--- Description of the task ---
In the records below, find the line with "dekorácie - Obrázok č. 1" and repeat exactly every line from it through the line with "108 turquoise coat 1344x2016". Pictures stay out.

--- Records shown ---
**********

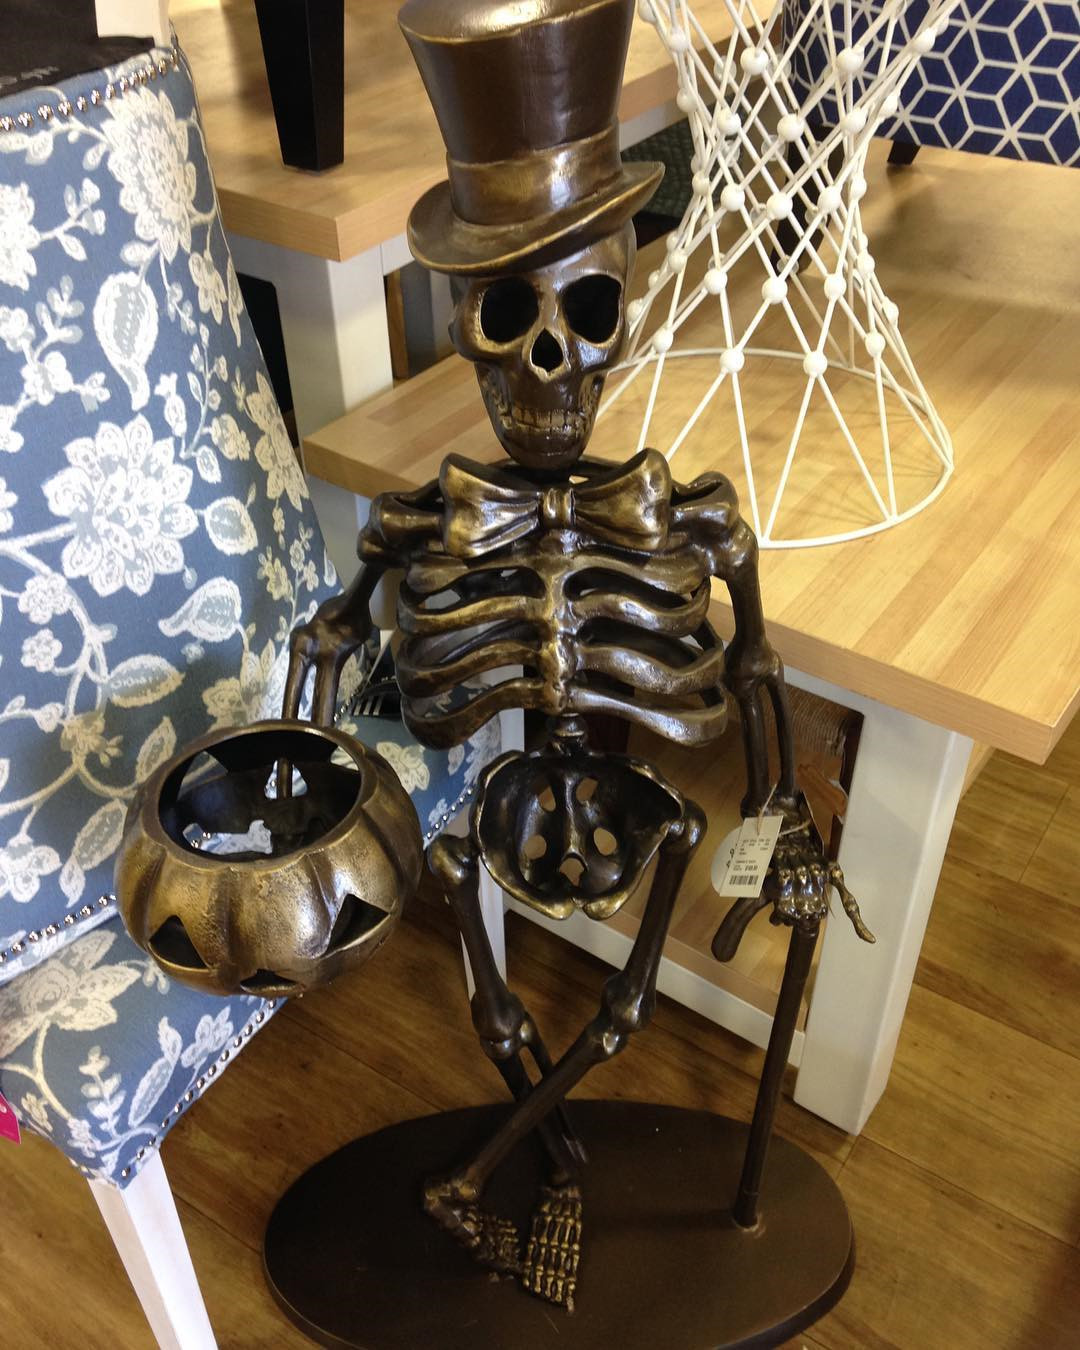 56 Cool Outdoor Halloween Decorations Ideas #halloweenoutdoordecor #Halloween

**********

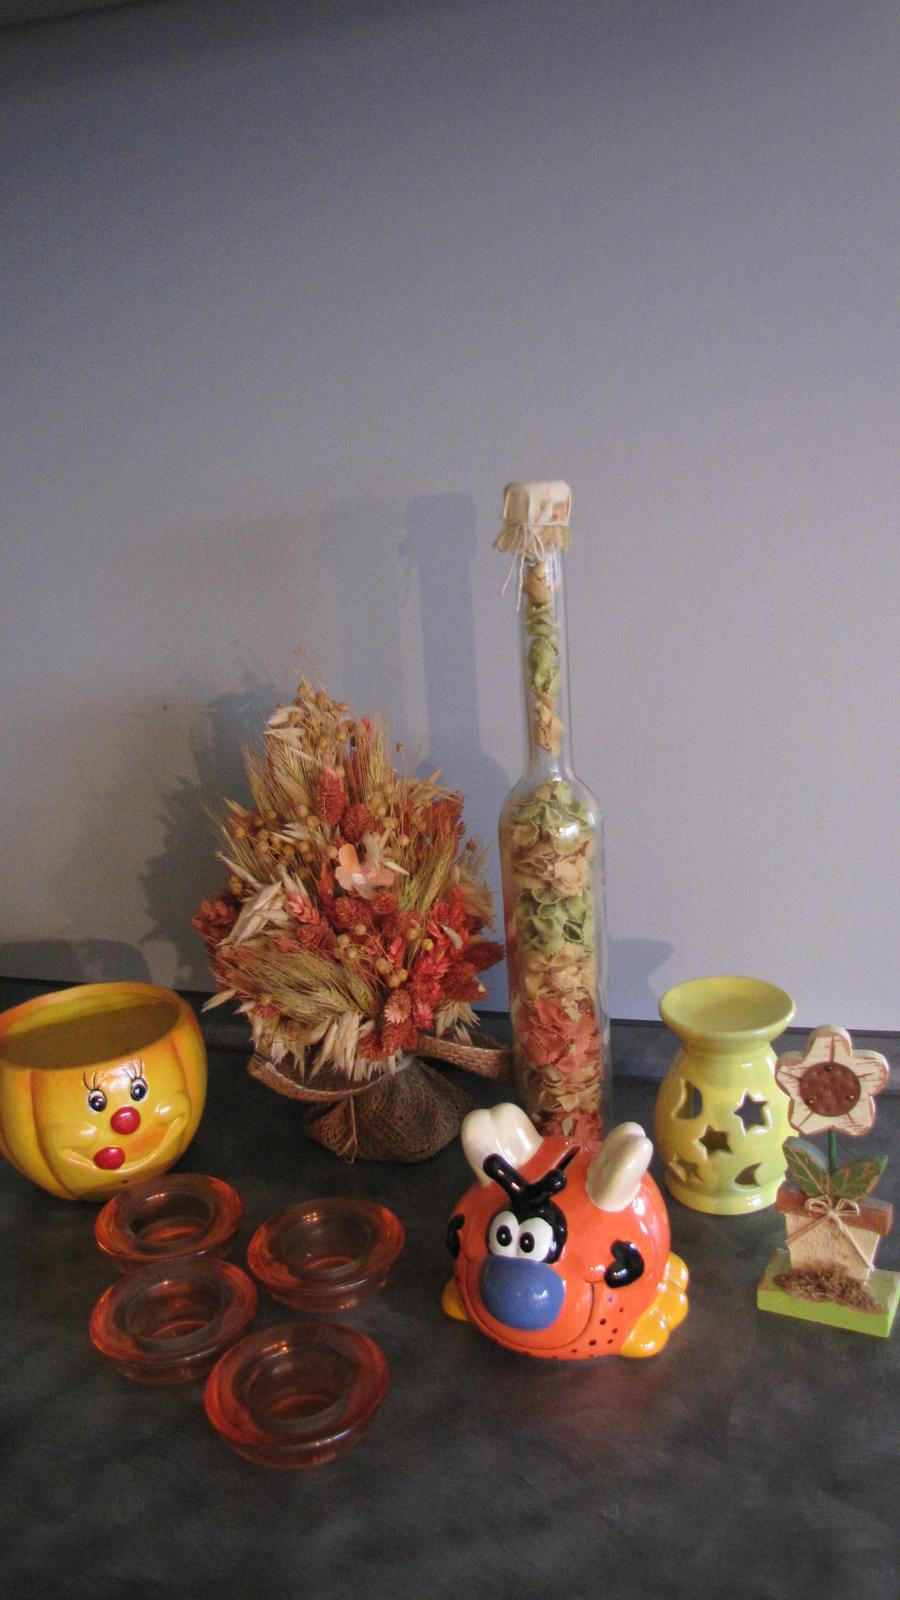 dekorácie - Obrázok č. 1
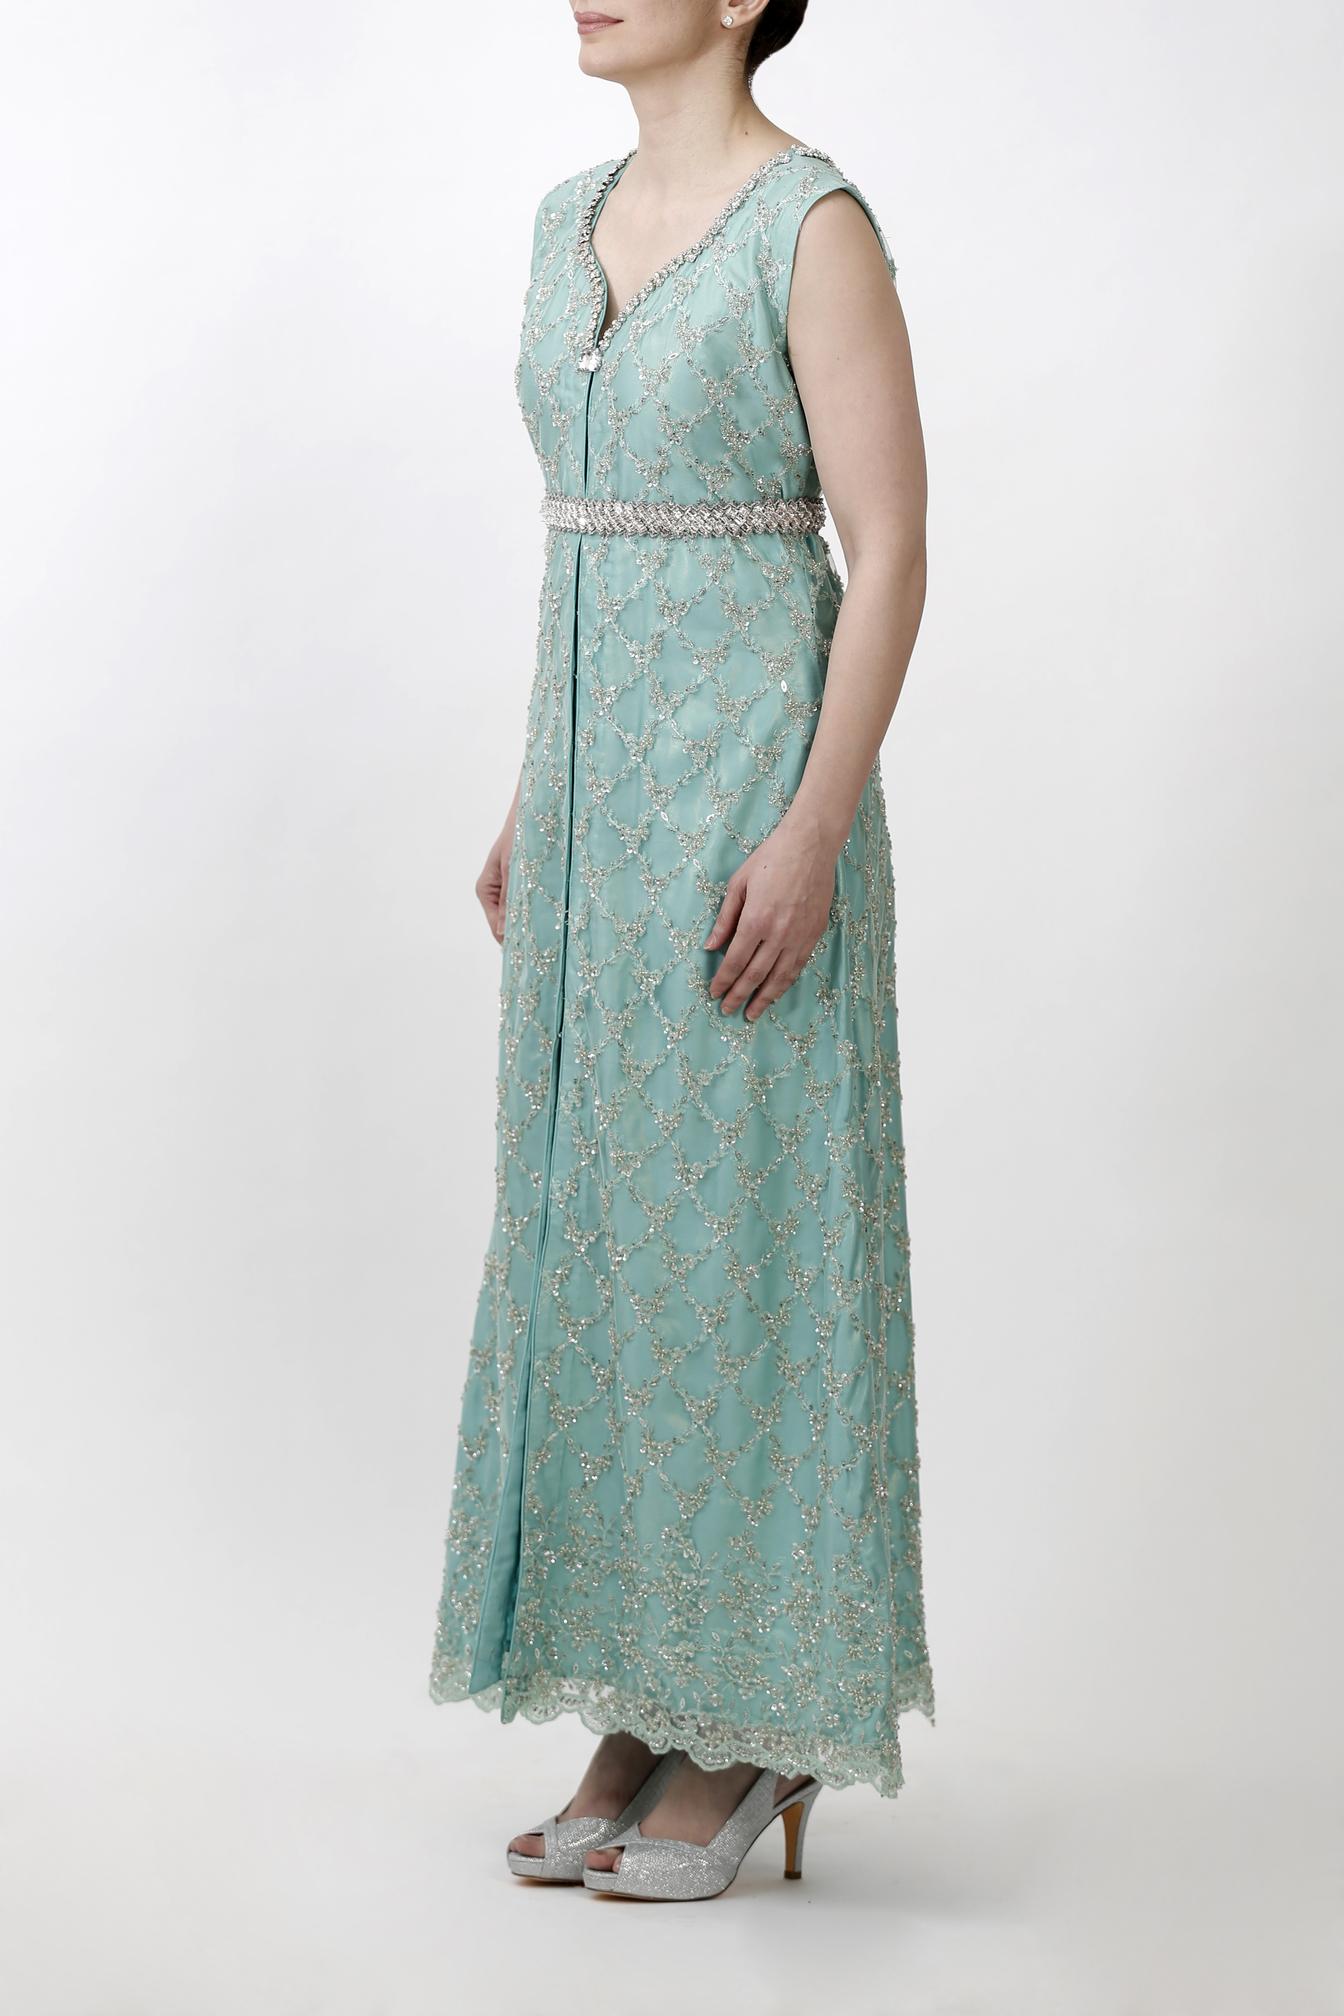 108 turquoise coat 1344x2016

**********

--- Your solution ---
 dekorácie - Obrázok č. 1
 108 turquoise coat 1344x2016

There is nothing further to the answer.